For a half a second, it seemed in his mind's eye so beautiful, an eternity where he saw the mass as warm, full, inviting. It would welcome him. He would be a part of something, something special, bound for wondrous things. He would be welcome, no longer separate, but with, in. He would never be alone. He would be loved. He would be warm, so warm, so safe...

And then he heard it, a scream he only half recognized, so detached and apart from the union, the singularity that was the Many, and yet, seemingly of it. A voice that rose from the others like a hand from acid, burned and pained, but alive. A voice he knew he should know...


It was... it was...

Soldier, do not give up...

Captain Diego.

You have a duty, soldier, to your crew and to your captain. Do not give up, do not give in. You could be our last hope.

They're so beautiful, though...

No, soldier. They are hell spawn, come for your soul. See them for what they are...

A flash of light, a blinding, wrenching sensation, and Malone saw with two eyes now, not a mind. The flesh no longer was embracing him, but tearing at him, not holding him, but trying to devour him. This was no lost mother, this was a monster.

Soldier, do not give up...

I won't let you down, sir.

Soldier, do not... they SEE you... run!


The flash again, and he was in the cargo bay hallways, a buzzing hum coming from behind. The door...


The shot ricocheted off a pipe in the wall, the whish of displaced air blowing Malone's hair ever so slightly as it passed not an inch from his left ear.
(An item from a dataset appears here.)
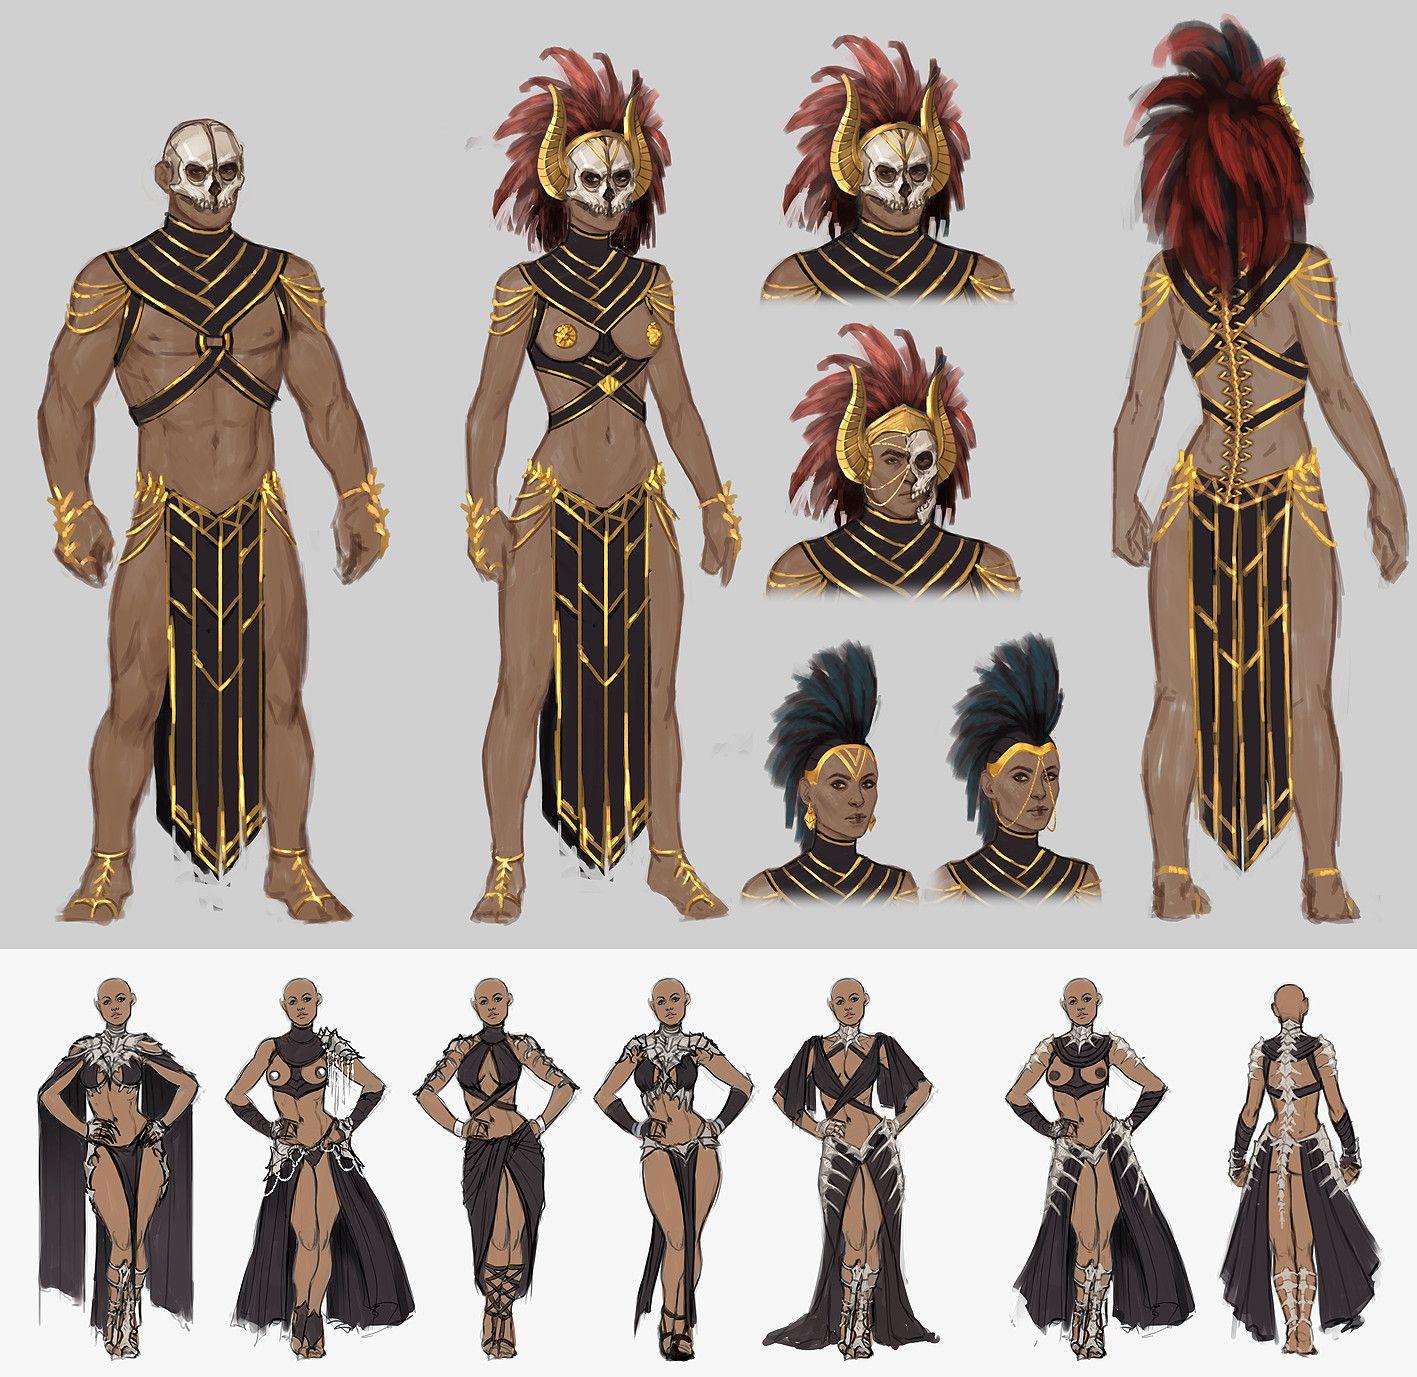 ArtStation - Conan Exiles costume concept art, Jenni

He was already spun around, his lips pulled back tight to expose teeth bared in a predatory grin that stemmed from humanity's farthest past, the smile of the hunt.

The pyrokinesis blast was blazing into the hybrid at record speeds. It was a thought into an impulse into an action into flaming reality in a nanosecond, thought and action blending seamlessly to produce a deadly dance of death.

The blast desiccated the beast in purifying flame, the hybrid screaming in pain. Like it's brother, it too fell in a crisped heap.

And then there was nothing but Malone's breathing. The psi amp hissed and smoked, and the wind blew dramatically from the heat expansion. The smell of char and metal rose from the hybrid and the floor grating around it, the sizzle from the corpse fading.

The others stirred, and Malone said, "C'mon. Let's move."